According to John Berger we looked
at animals because in the past they have served as a necessity such as horses
were used has a way of travel since cars were not invented, cattle were raised
to provide us with food, dogs were used for hunting animals in the wild because
of their strong natural ability for scent, as well as many other animals served
as a necessity in the past. But now in the present many of these things animals
are useless now because we have technology that replaces them, and with our
industrialization, such as cities, manufacturing plants, urbanization,
recreational parks (such as golf courses, bars, clubs, fitness centers,
stadiums, museums, universities, national parks, homes, condos, office
buildings…etc.) We had to cut down a lot of trees, pave through nature and
flush out these “pests” animals that serves us no use out of the way, because
many of the things we built after destroying the natural forests were necessary
and essential things that we needed as a society. We as a society needed more
space so we had to get rid of the other space that the animals were using.
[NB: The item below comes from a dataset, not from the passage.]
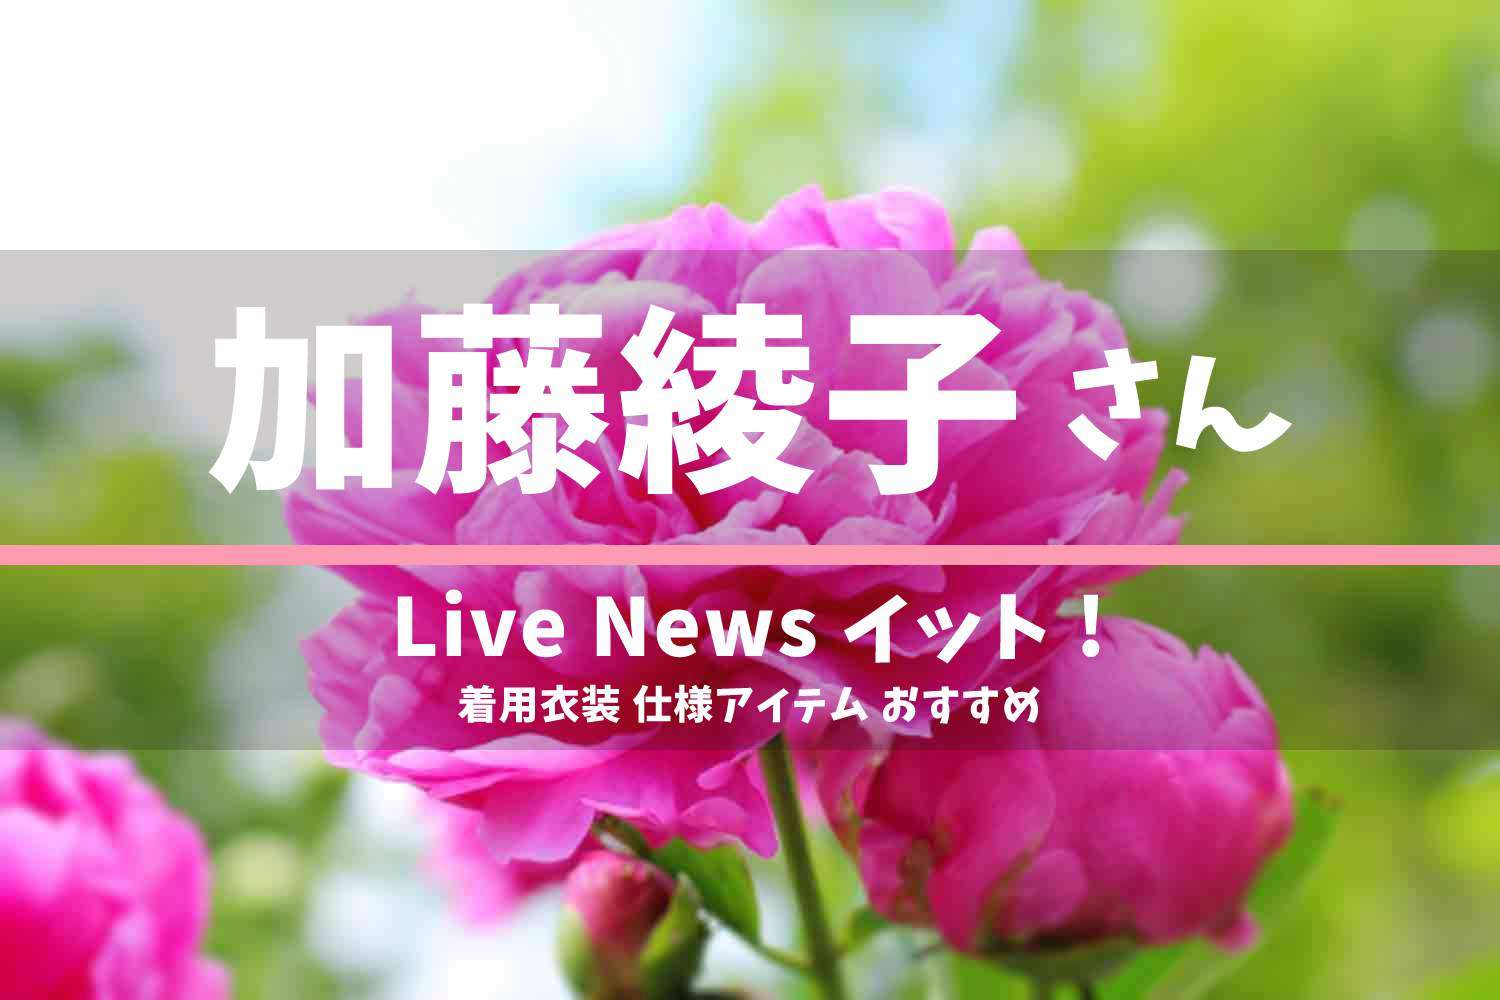 Live News イット! 加藤綾子さん 番組 衣装 2022年6月17日放送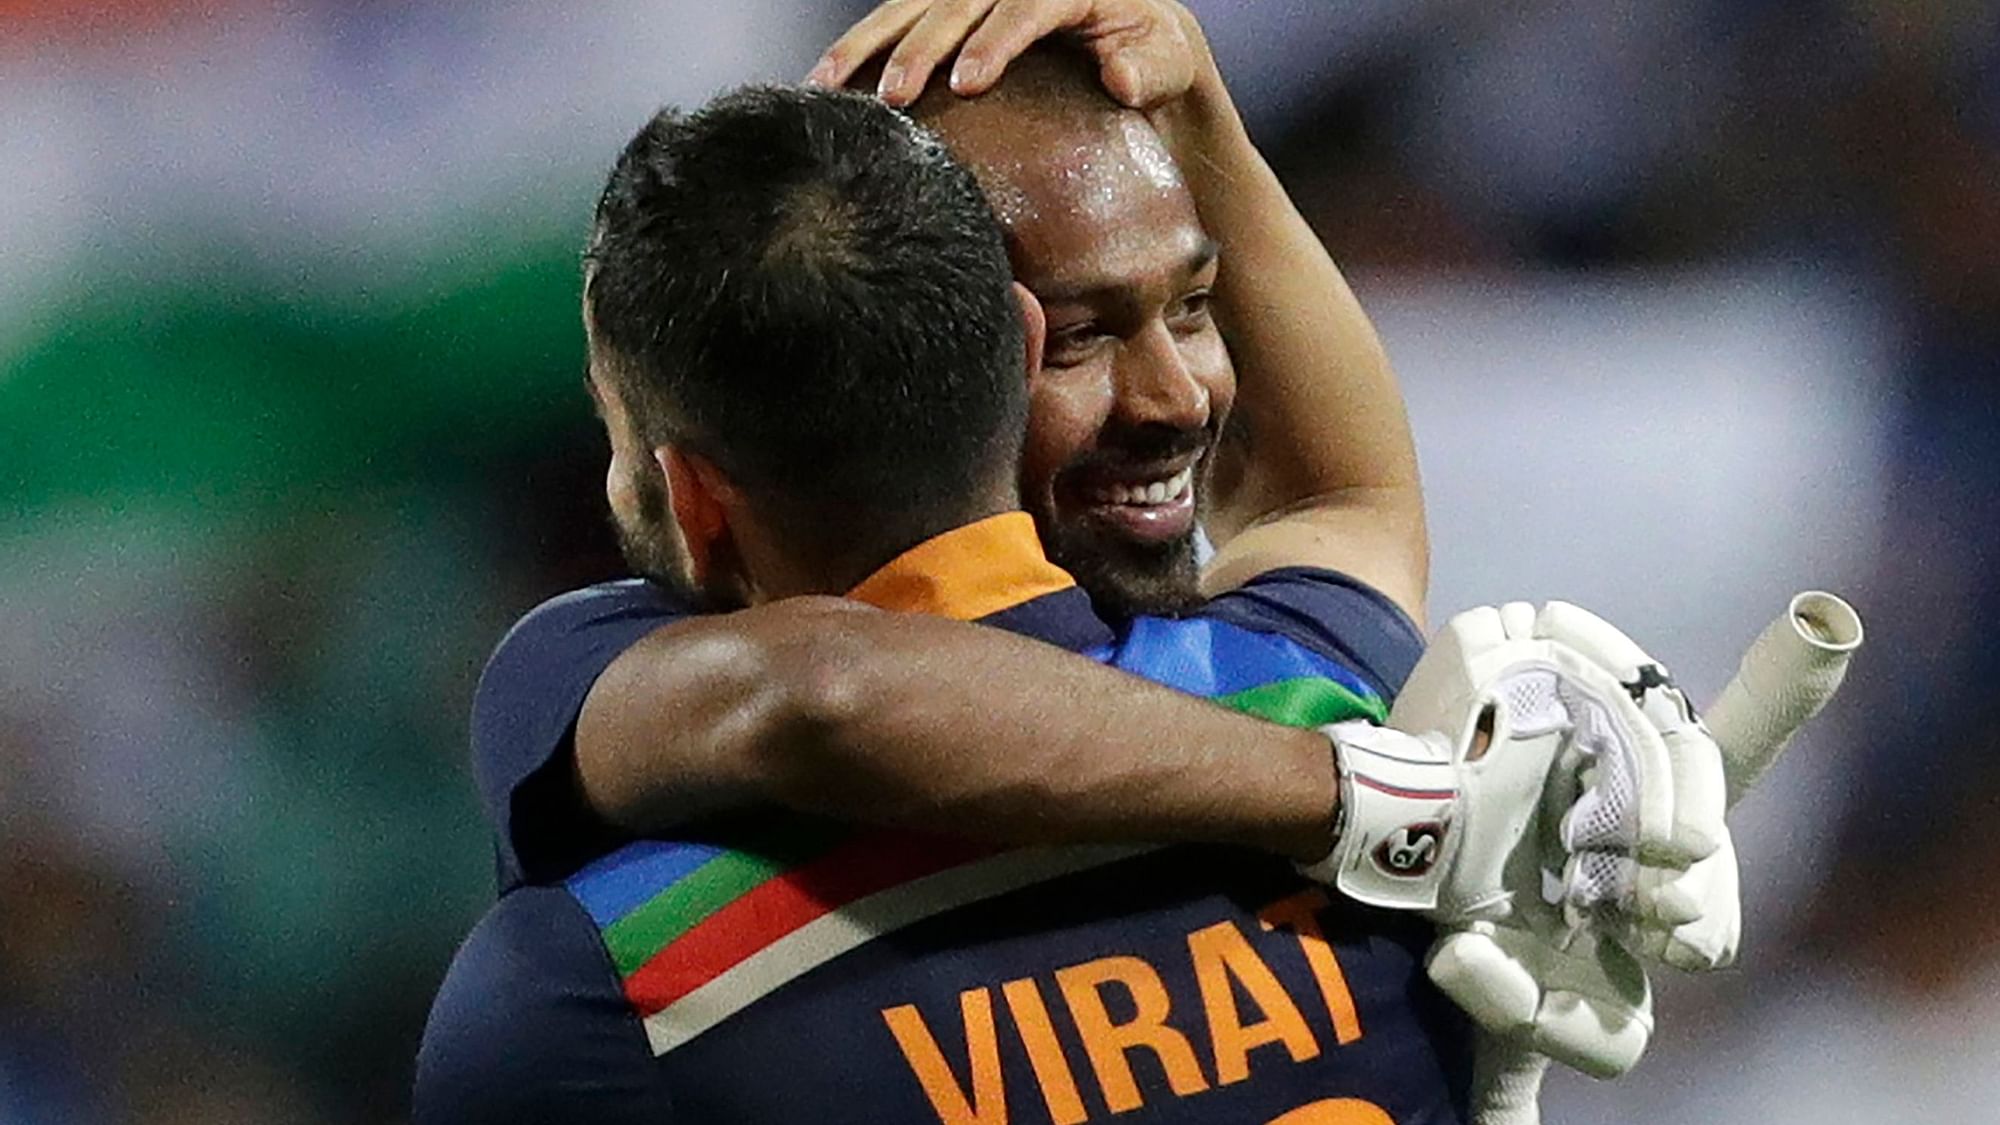 Virat Kohli was all praise for Hardik Pandya after the batter helped India win the T20I against Australia on Sunday.

Based on John Berger’s definition of “anthropomorphism” we as a human culture
are more superior. As a society have history, knowledge, power, judgments,
culture, intelligence (such as being able to travel into space… etc.), have an
understanding of our world (such as recycling, reducing pollution, conserving
natural resources (food, energy, products [“such as trees for example which
produces paper, buildings, furniture, office supplies…”] preserving endangered
species, evangelisms to third-world countries and providing them with food,
shelter, education, medicine or medical treatments “for those people living in
those countries that don’t have the resources in the third-world countries”, and
helping them become self-sufficient, giving freedom to communistic countries
with dictators…etc. ), many other things as well. This is what John Berger was
meant in the reading when describing the word “Anthromorphism”.